Es war ein Routineflug – zumindest für die ersten Minuten. Auf dem Weg ins Einsatzgebiet waren wir guter Dinge. Es stand uns ein spannender Einsatz bevor, das Wetter war perfekt, und wir freuten uns darauf, auch an diesem Tag Gutes zu tun. Doch die Spannung kam anders als erwartet: 30 Minuten nach dem Start meldete sich unser linkes Triebwerk mit instabilen Verdichterdrehzahlen – ein klares Anzeichen für ein technisches Problem und ein potenzieller Triebwerksausfall. Die ersten Sekunden waren von einem drückenden Schweigen und einem kurzen Moment der Unsicherheit geprägt.
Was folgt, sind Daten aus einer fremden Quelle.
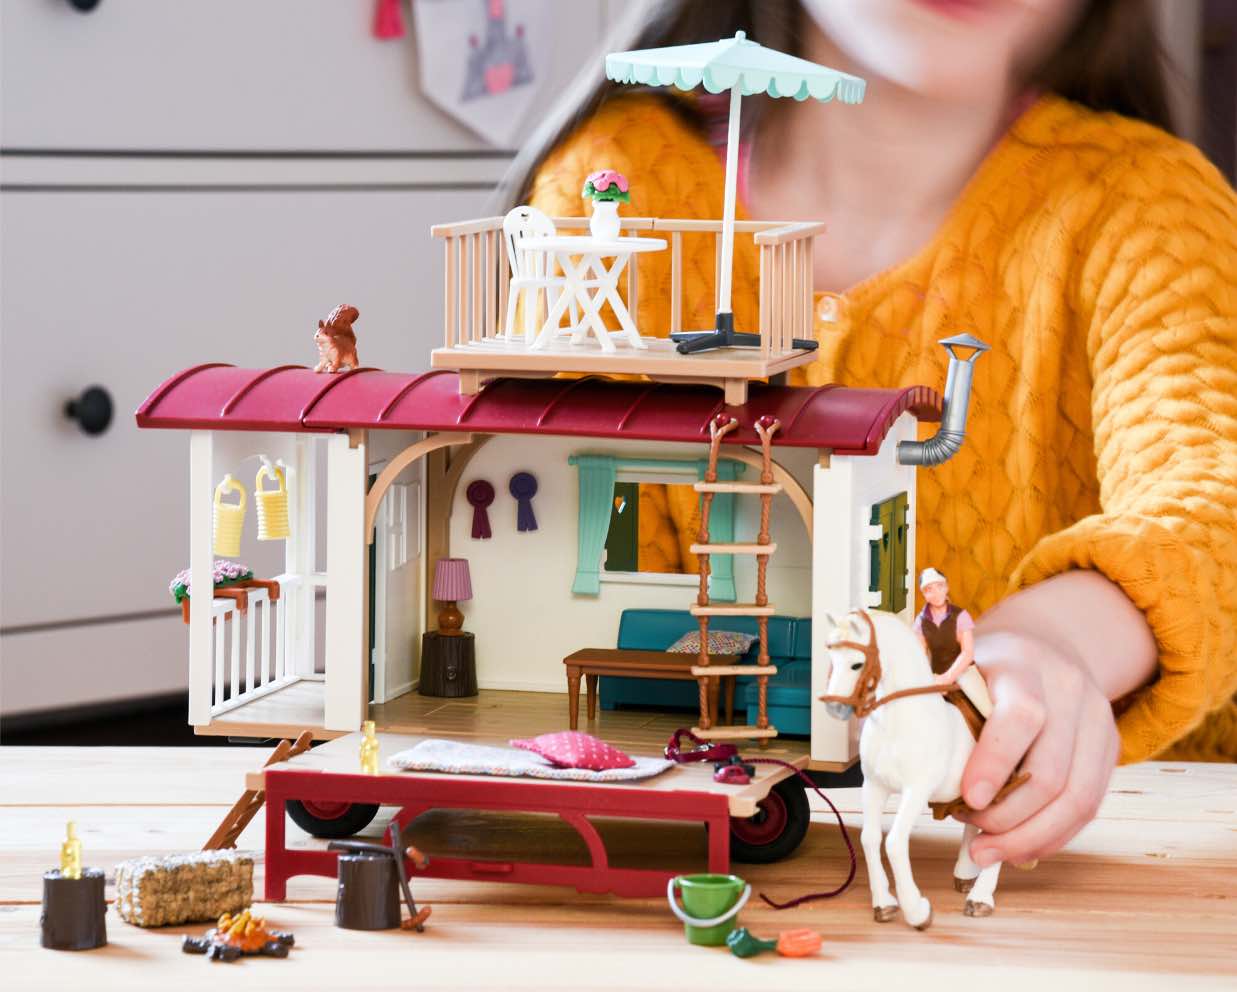 Schleich Wohnwagen für geheime Clubtreffen 42415. Pferde Spielzeug für Kinder, die Pferde lieben. Geschenkidee für kleine Pferdefreunde.

"Always be prepared for the unexpected" war eines unserer Mantras, und dieser Moment brachte uns in eine Lage, in der Vertrauen und Misstrauen gleichermaßen gefragt waren. Nach einem kurzen, wortlosen Austausch mit meinem Co-Piloten – einem fragenden Blick und einem stillen „Echt jetzt?“ – griffen unsere Routinen nahtlos ineinander. Mein Co-Pilot zog die Checkliste hervor, ein Werkzeug, das in solchen Situationen wie ein Rettungsanker wirkt. Schritt für Schritt arbeiteten wir die Prozedur ab. Die klare Anweisung lautete: Triebwerk abschalten. Als mein Co-Pilot, mit einem leicht ungläubigen Blick, fragte: „Du willst doch nicht wirklich das Triebwerk abstellen?“, war meine Antwort kurz und bestimmt: „Oh doch.“

Die Entscheidung fiel schnell, aber nicht leichtfertig. Unsere trainierten Abläufe liefen automatisch weiter. Das vermeintlich defekte Triebwerk wurde kontrolliert heruntergefahren und kam schließlich zum Stillstand. So weit, so gut. Doch die Arbeit war damit nicht beendet. Die Landung musste vorbereitet, die Crew gebrieft und die Situation laufend überwacht werden. Kommunikation unter Stress – nicht trivial, sondern komplex – war in dieser Phase überlebenswichtig.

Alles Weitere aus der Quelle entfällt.